For details on how to trouble-shoot these kinds of display issues on various front-ends, see Display Troubleshooting.

Why does Altair lead to such extremely large notebooks?

By design, Altair does not produce plots consisting of pixels, but plots consisting of data plus a visualization specification. As discussed in Specifying Data in Altair, this data can be specified in one of several ways, either via a pandas DataFrame, a file or URL, or a JSON data object. When you specify the data as a pandas DataFrame, this data is converted to JSON and included in its entirety in the plot spec.

For example, here is a simple chart made from a dataframe with three rows of data:

import altair as alt
import pandas as pd
data = pd.DataFrame({'x': [1, 2, 3], 'y': [2, 1, 2]})

chart = alt.Chart(data).mark_line().encode(
     x='x',
     y='y'
)

from pprint import pprint
pprint(chart.to_dict())
{'$schema': 'https://vega.github.io/schema/vega-lite/v2.4.1.json',
 'config': {'view': {'height': 300, 'width': 400}},
 'data': {'values': [{'x': 1, 'y': 2}, {'x': 2, 'y': 1}, {'x': 3, 'y': 2}]},
 'encoding': {'x': {'field': 'x', 'type': 'quantitative'},
              'y': {'field': 'y', 'type': 'quantitative'}},
 'mark': 'line'}

The resulting specification includes a representation of the data converted to JSON format, and this specification is embedded in the notebook or web page where it can be used by Vega-Lite to render the plot. As the size of the data grows, this explicit data storage can lead to some very large specifications, and by extension, some very large notebooks or web pages.

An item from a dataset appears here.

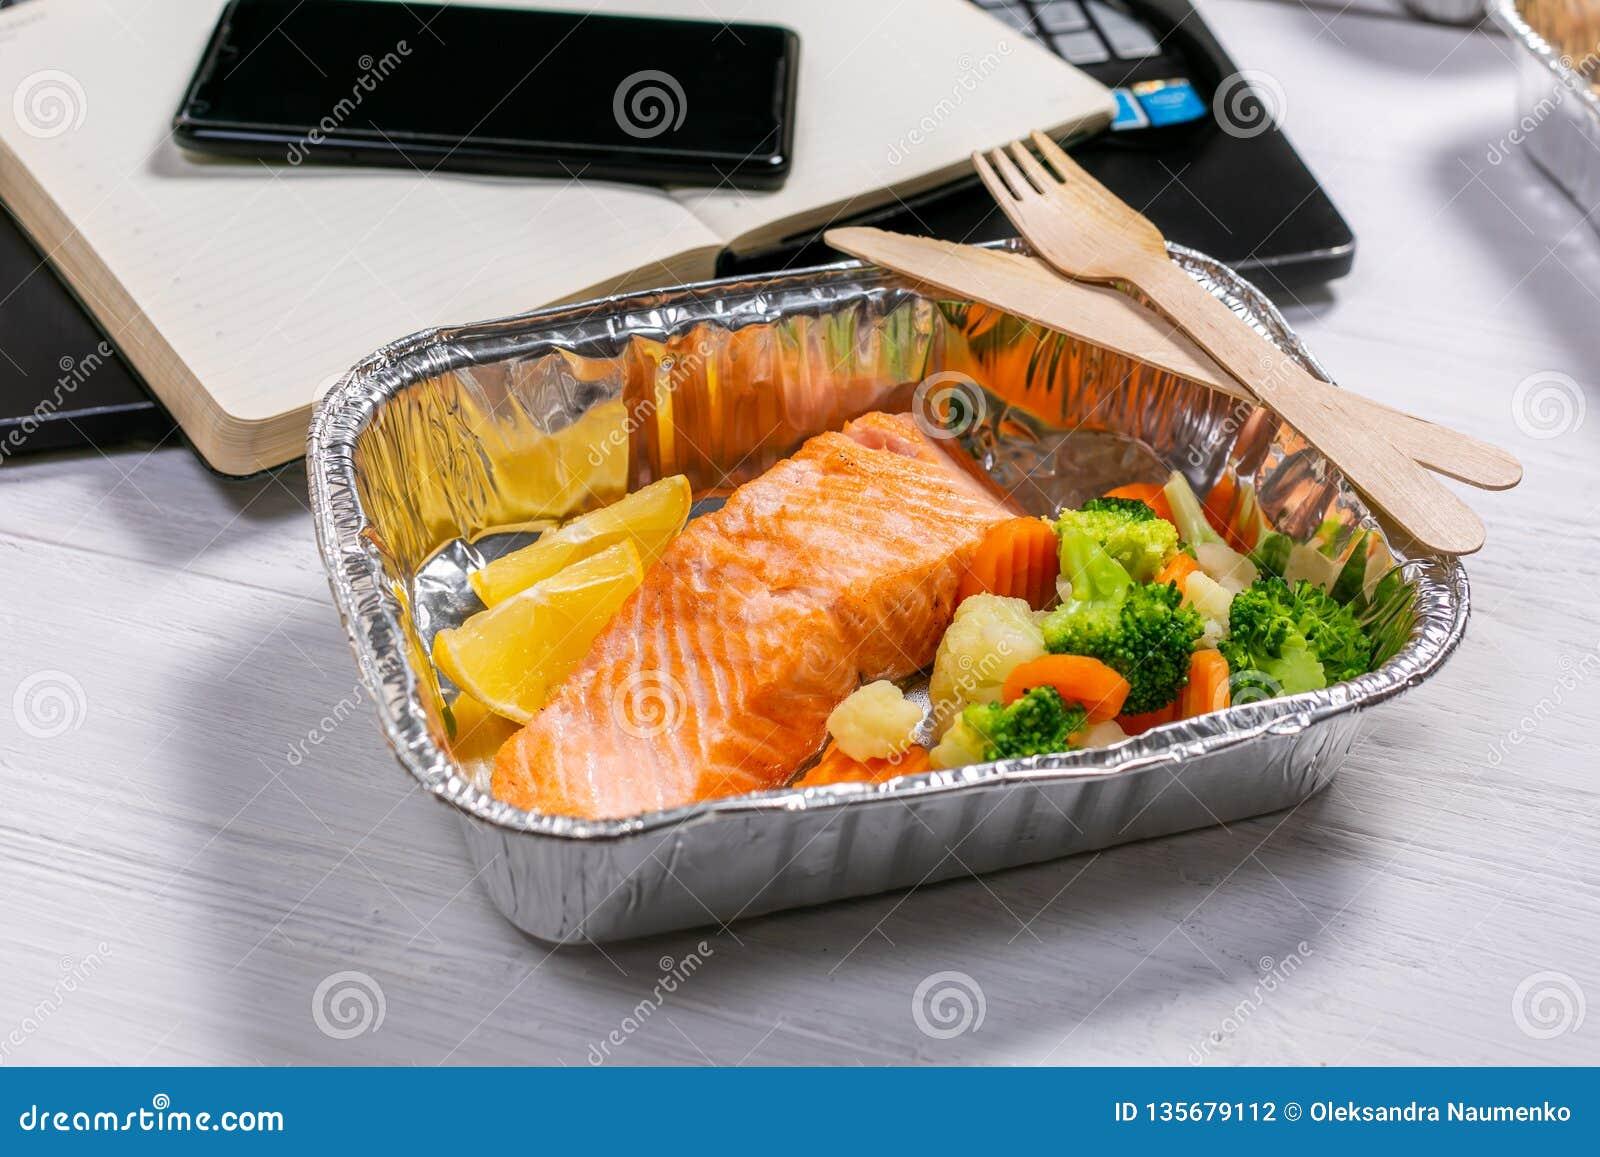 Gezonde voedsellevering aan werkruimte - containers, laptop, mobiele telefoon

The best way around this is to store the data in an external file, and pass it to the chart by URL. You can do this manually if you wish:

url = 'data.json'
data.to_json(url, orient='records')

chart = alt.Chart(url).mark_line().encode(
    x='x:Q',
    y='y:Q'
)
pprint(chart.to_dict())
{'$schema': 'https://vega.github.io/schema/vega-lite/v2.4.1.json',
 'config': {'view': {'height': 300, 'width': 400}},
 'data': {'url': 'data.json'},
 'encoding': {'x': {'field': 'x', 'type': 'quantitative'},
              'y': {'field': 'y', 'type': 'quantitative'}},
 'mark': 'line'}

Alternatively, Altair provides a JSON data transformer that will automatically store your data to disk and reference it by URL when a chart is rendered:

chart = alt.Chart(data).mark_line().encode(
 x='x:Q',
 y='y:Q'
)

with alt.data_transformers.enable('json'):
    pprint(chart.to_dict())
{'$schema': 'https://vega.github.io/schema/vega-lite/v2.4.1.json',
 'config': {'view': {'height': 300, 'width': 400}},
 'data': {'format': {'type': 'json'},
          'url': 'altair-data-da466e59-a1e3-4659-a9a7-e64d09c85aa7.json'},
 'encoding': {'x': {'field': 'x', 'type': 'quantitative'},
              'y': {'field': 'y', 'type': 'quantitative'}},
 'mark': 'line'}

With either of these approaches, the data is now stored externally in a JSON file rather than being embedded in the notebook, leading to much more compact plot specifications. The disadvantage, of course, is a loss of portability: if the notebook is ever moved, the data file must accompany it or the plot may not display.

In the future, we plan to explore the idea of named datasets that can be transparently embedded once in the notebook metadata and referenced by name in plots throughout, but that is not implemented yet.

MaxRowsError: How can I plot Large Datasets?

If you try to create a plot that will directly embed a dataset with more than 5000 rows, you will see a MaxRowsError:

data = pd.DataFrame({'x': range(10000)})
alt.Chart(data).mark_line()
MaxRowsError: The number of rows in your dataset is greater than the maximum
              allowed (5000). For information on how to plot larger datasets
              in Altair, see the documentation.

This is not because Altair cannot handle larger datasets, but it is because it is important for the user to think carefully about how large datasets are handled. As noted above in Why does Altair lead to such extremely large notebooks?, it is quite easy to end up with very large notebooks if you make many visualizations of a large dataset, and this error is a way of preventing that.

You can get around it in a few ways:

Passing Data by URL

The preferred solution to working with large datasets is to not embed the data in the notebook, but rather pass it to the chart by URL. This not only addresses the issue of large notebooks, but also leads to better interactivity performance with large datasets.

As noted above, Altair has a JSON data transformer that will do this transparently:

alt.data_transformers.enable('json')

With this data transformer enabled, each time you make a plot the data will be serialized to disk and referenced by URL, rather than being embedded in the notebook output.

Another approach is to manually save the data to file and reference it that way (see Why does Altair lead to such extremely large notebooks?).

Disabling MaxRows

If you are certain you would like to embed your dataset within the visualization specification, you can disable the MaxRows check by modifying the arguments to the default data transformer:

alt.data_transformers.enable('default', max_rows=None)

If you choose this route, please be careful: if you are making multiple plots with the dataset in a particular notebook, the notebook will grow very large and performance may suffer.